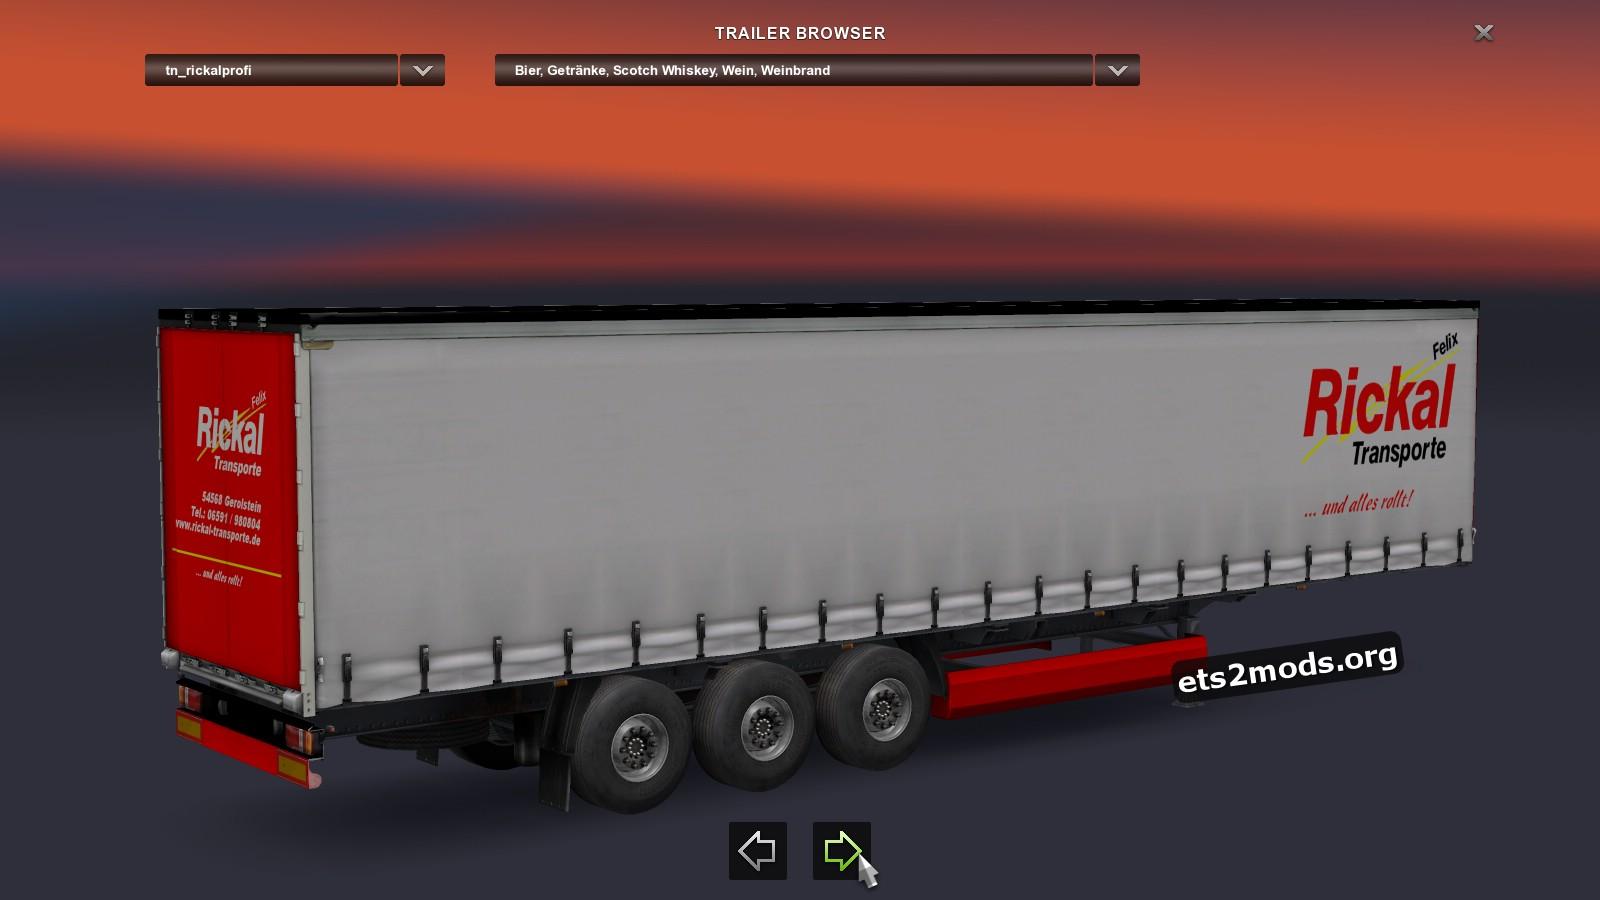 Standalone Rickal Transporte Trailer
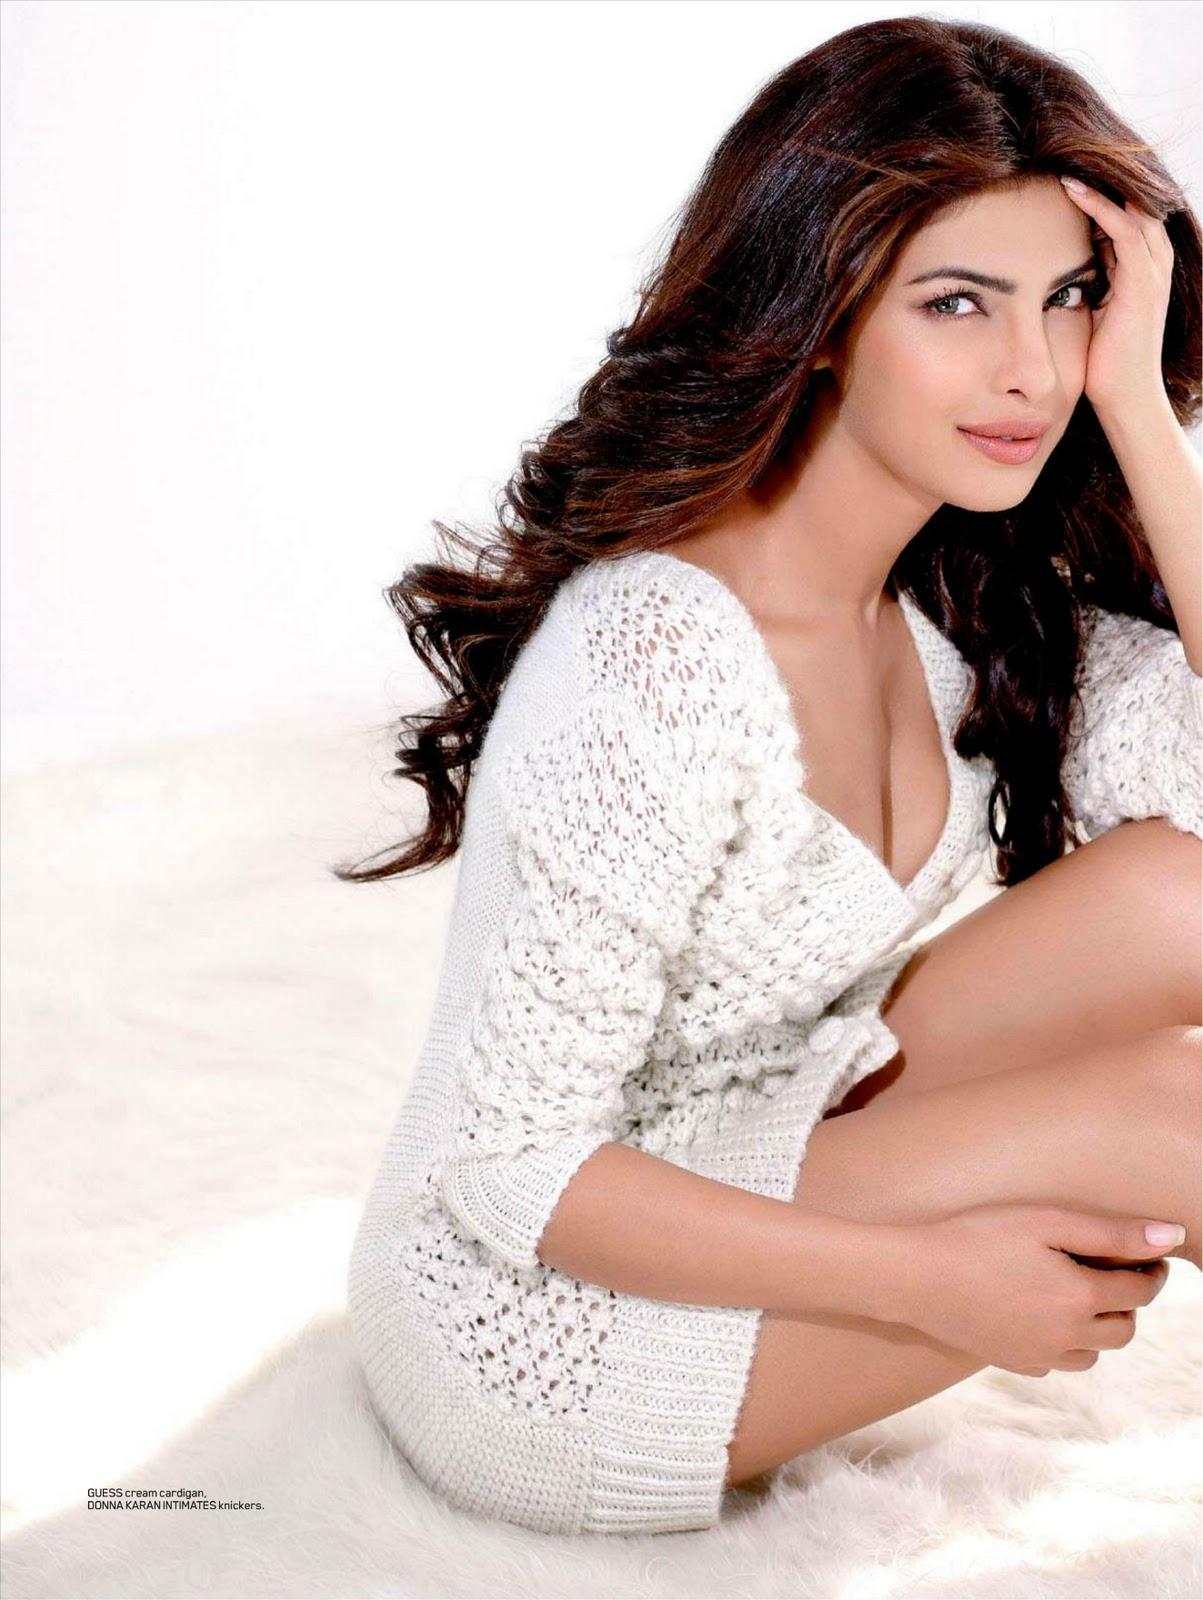 Priyanka Chopra Photoshoot For Maxim India Oct2011 Bollywood
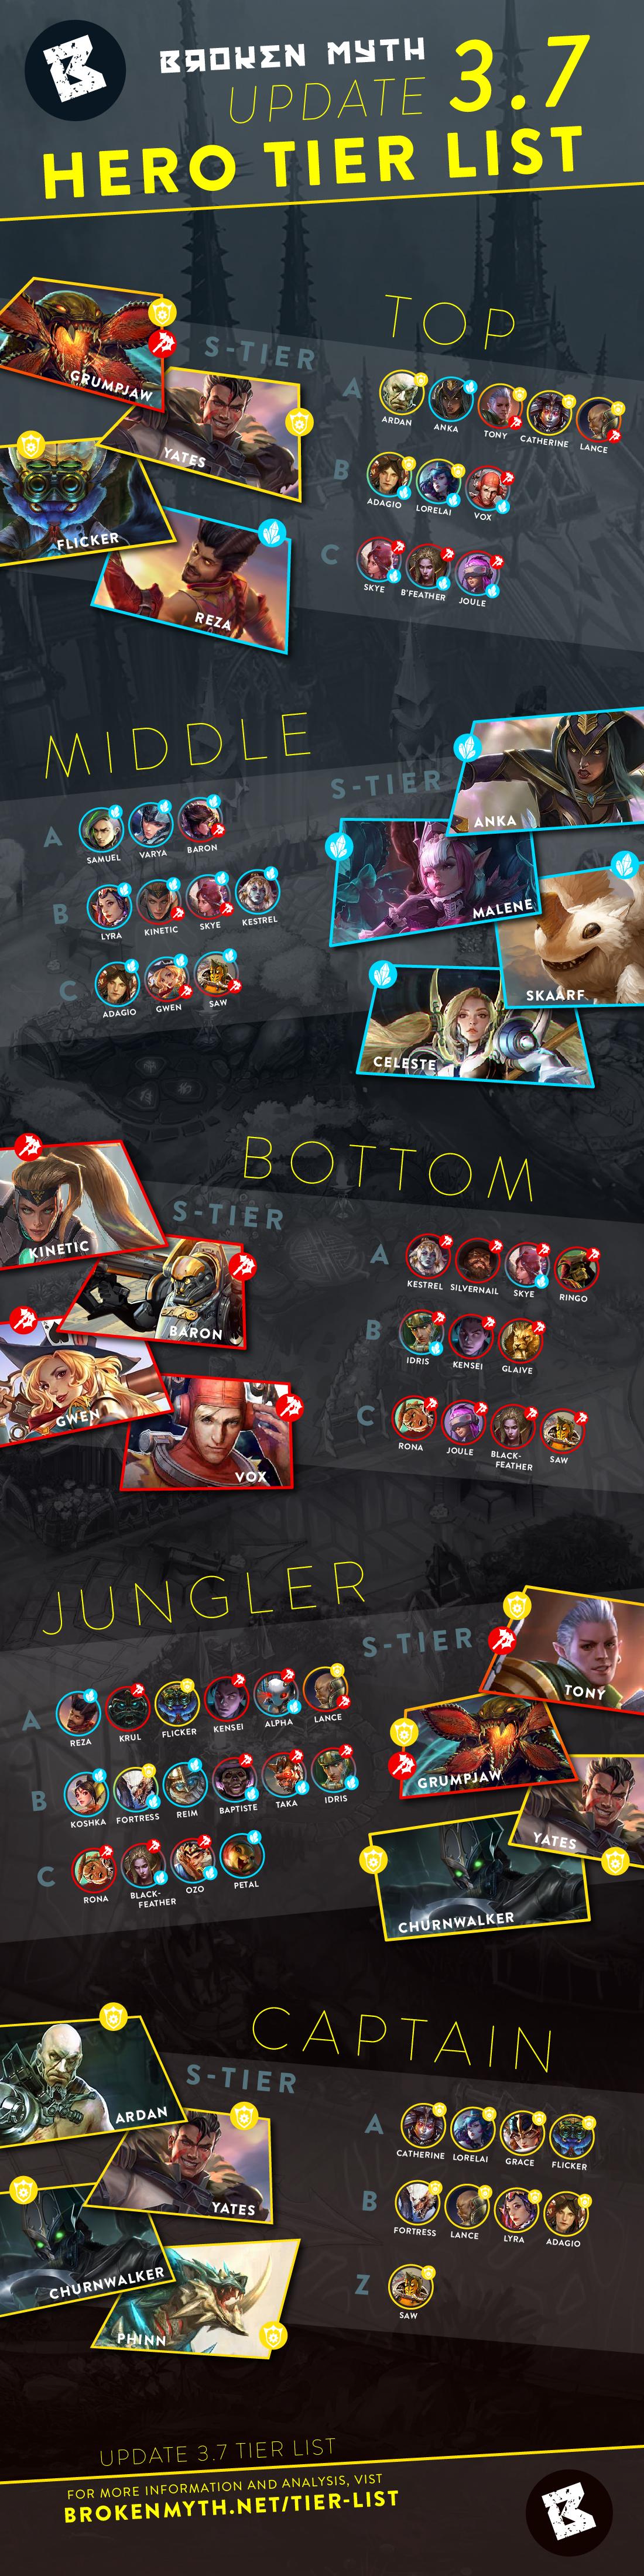 Vainglory Hero Tier List | Broken Myth

WORK ITEM: The answer must be the lines above from the line that contains "Priyanka Chopra Photoshoot" to the final line of the data, word for word, with no pictures.

SOLUTION:
 Priyanka Chopra Photoshoot For Maxim India Oct2011 Bollywood
 Vainglory Hero Tier List | Broken Myth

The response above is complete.